CONCLUSION: Unlike the rest of India, hepatitis virus is not the major cause of ALF in our part; hepatitis A being commoner than hepatitis E, and B is rare. Unknown herbal medications are major cause of mortality and is important medicosocial issue. Our study highlights the differences in the profile of ALF from other Indian and western studies, possibly due to sociocultural factors prevalent in this part. HOW TO CITE THIS ARTICLE: Das AK, Begum T, Kar P, Dutta A. Profile of Acute Liver Failure from North-east India and Its Differences from other Parts of the Country. Euroasian J Hepato-Gastroenterol 2016;6(2):111-115.

INTRODUCTION

Acute liver failure (ALF) is a life-threatening emergency, but potentially reversible condition, of varied etiology. The mortality is usually high unless aggressive and early treatment is instituted, usually in an intensive care setting. Treatment is directed at early recognition of the cause, complications, and general supportive measures, but despite advanced intensive care, mortality may be as high as 40 to 80%, which is mostly related to its complications like cerebral edema and sepsis.[1] Orthotropic liver transplantation (OLT) has now become an established treatment option in patients with ALF and is becoming increasingly available in developing nations including India. Hence, there is a need to generate more data about ALF as proper selection of cases usually benefit from OLT. Worldwide, hepatitis A and E infections possibly cause majority of ALF, with mortality of up to >50% reported from the developing world.[2]

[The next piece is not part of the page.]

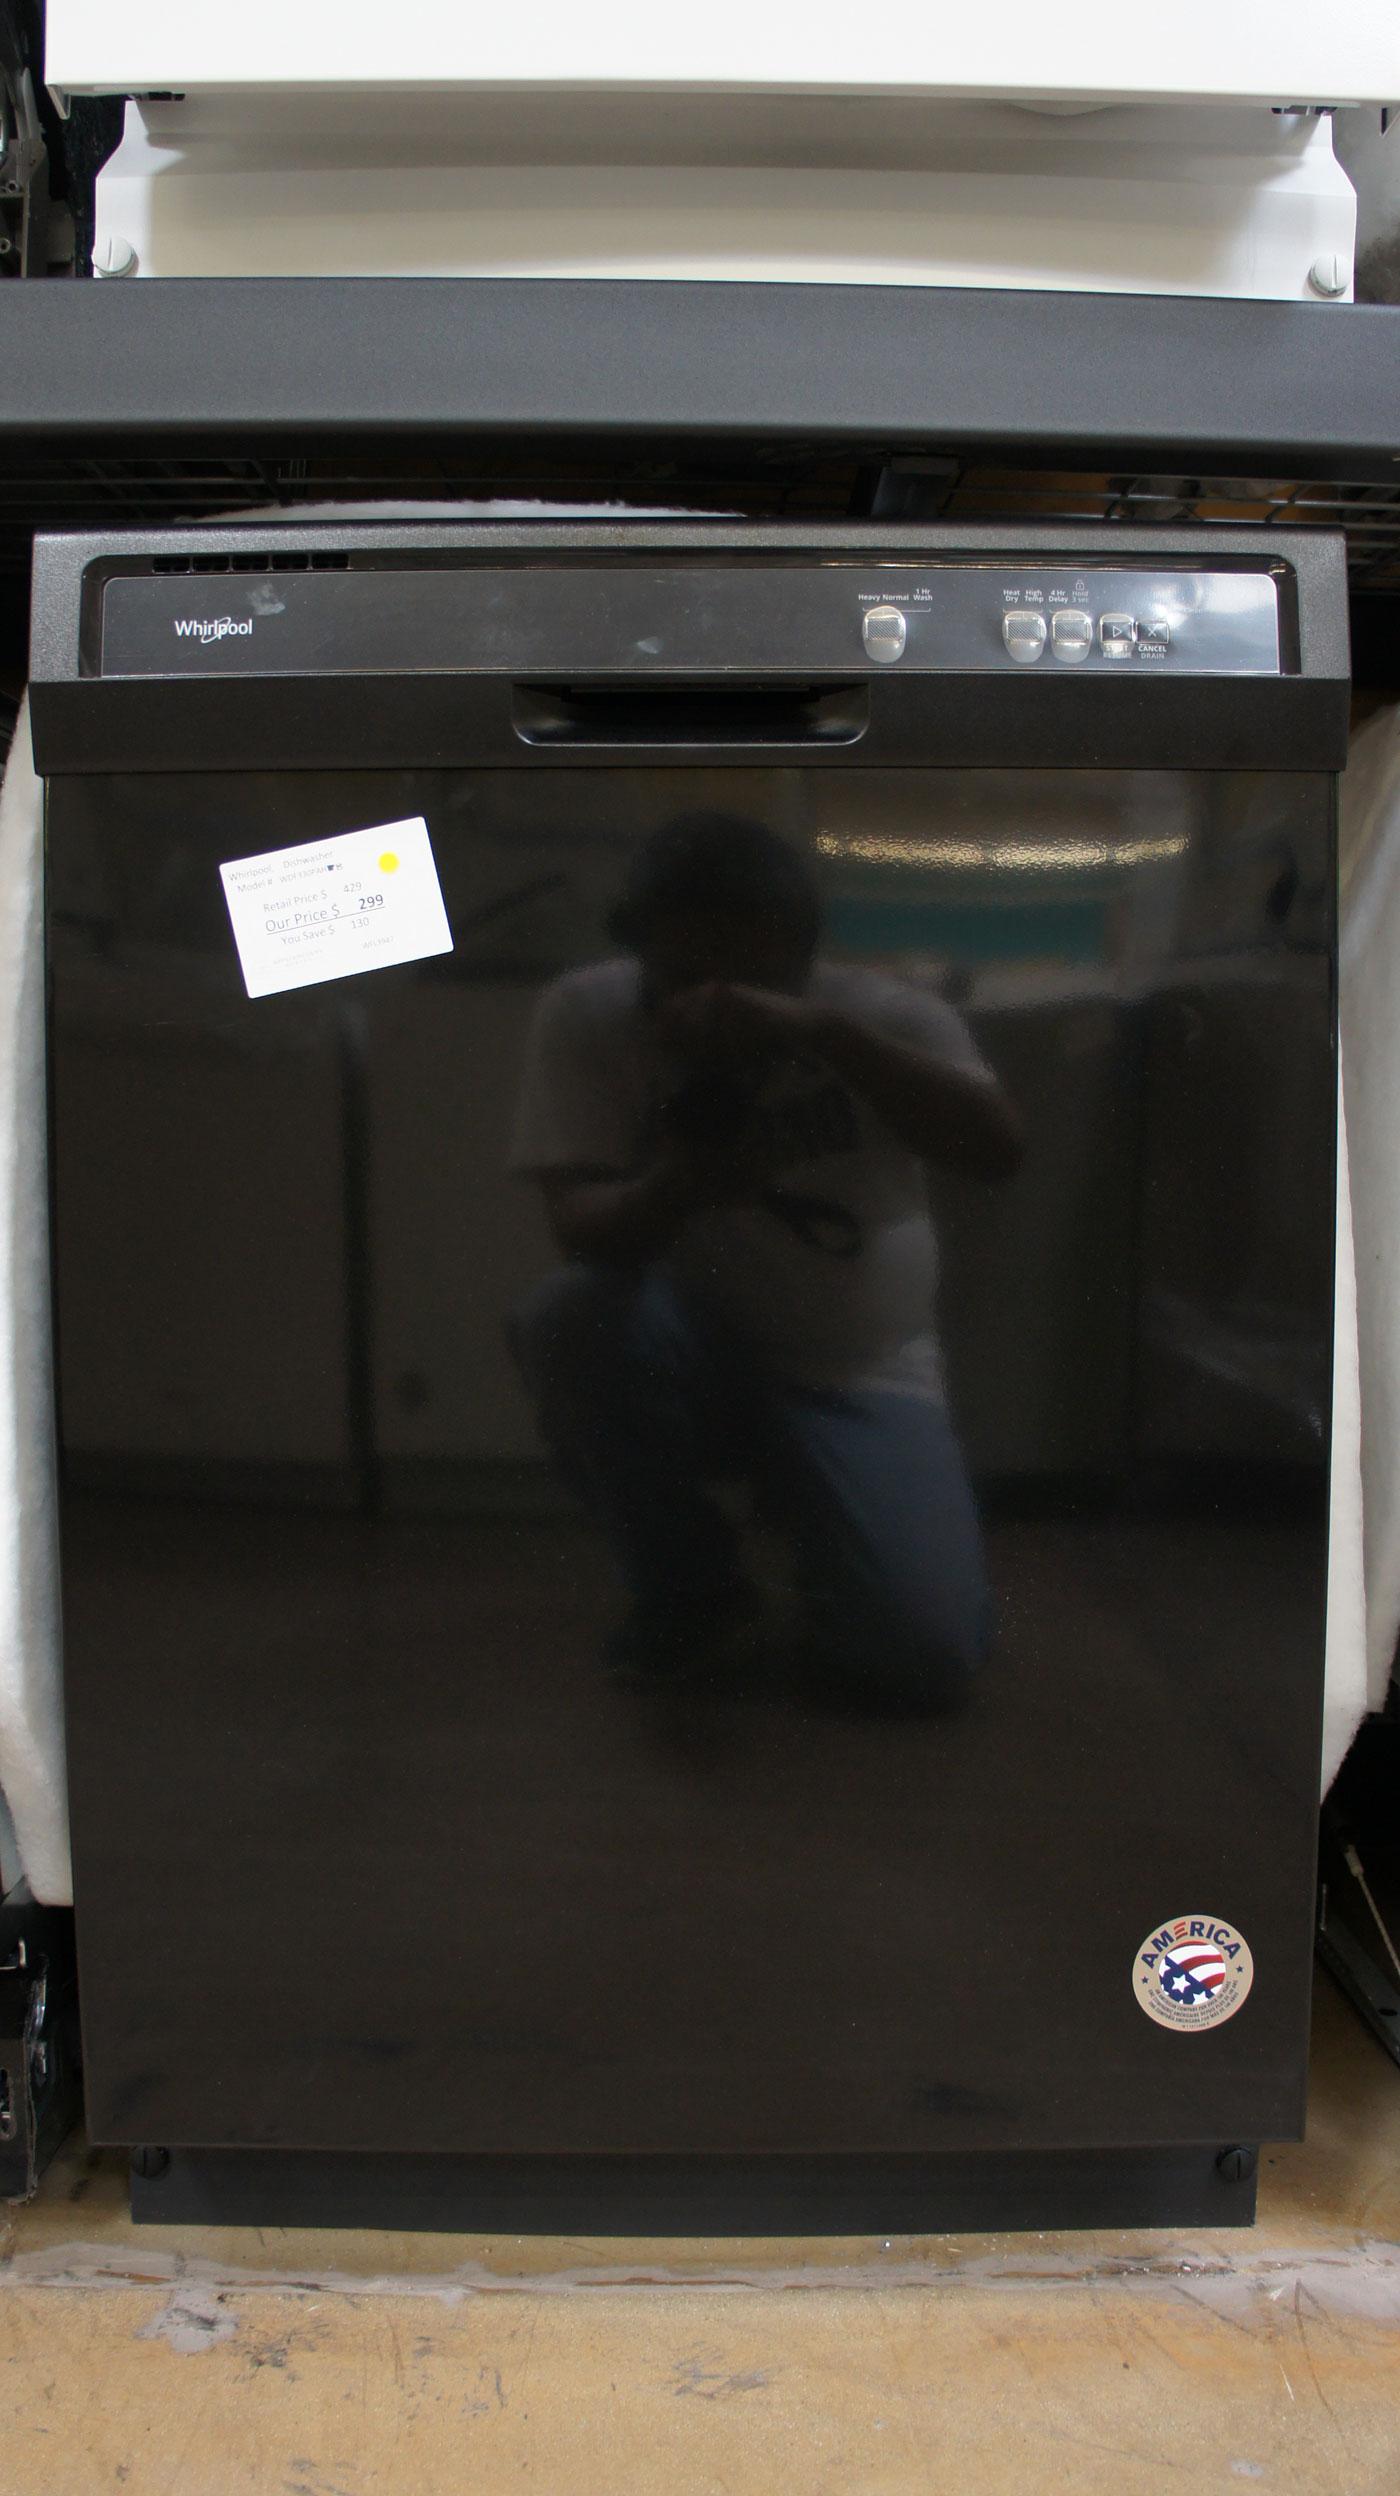 "24"" Whirlpool WDF330PAHB Dishwasher"

Most of the reports on ALF have been predominantly from the West.[34] The largest Indian series of 423 patients with ALF reported from Delhi in 1996 showed that both the etiological and prognostic factors varied from those reported from the West.[5] This suggests that ALF may have geographical differences in terms of etiology and outcome as a result of different environmental and host/genetic factors. While reports from our country suggest an etiologically homogenous population with ALF, the Western patients show a more heterogeneous nature. In Europe and North America, a large proportion of cases occur due to acetaminophen, nonsteroidal antiinflammatory drug (NSAID), and idiosyncratic drug reactions, whereas reports from Asia and Africa implicate viral illnesses, particularly hepatitis B and E.[6] Hepatitis E infection is rarely seen in Western countries as opposed to its high prevalence in the East. Viral hepatitis is reportedly the commonest cause of ALF in India,[7] but etiologies of acute viral hepatitis from North-eastern part of India differ as compared to other parts of India.[8] In all cases, a careful search for the cause of ALF is important in determining whether there is a specific treatment available and to anticipate the prognosis.[7]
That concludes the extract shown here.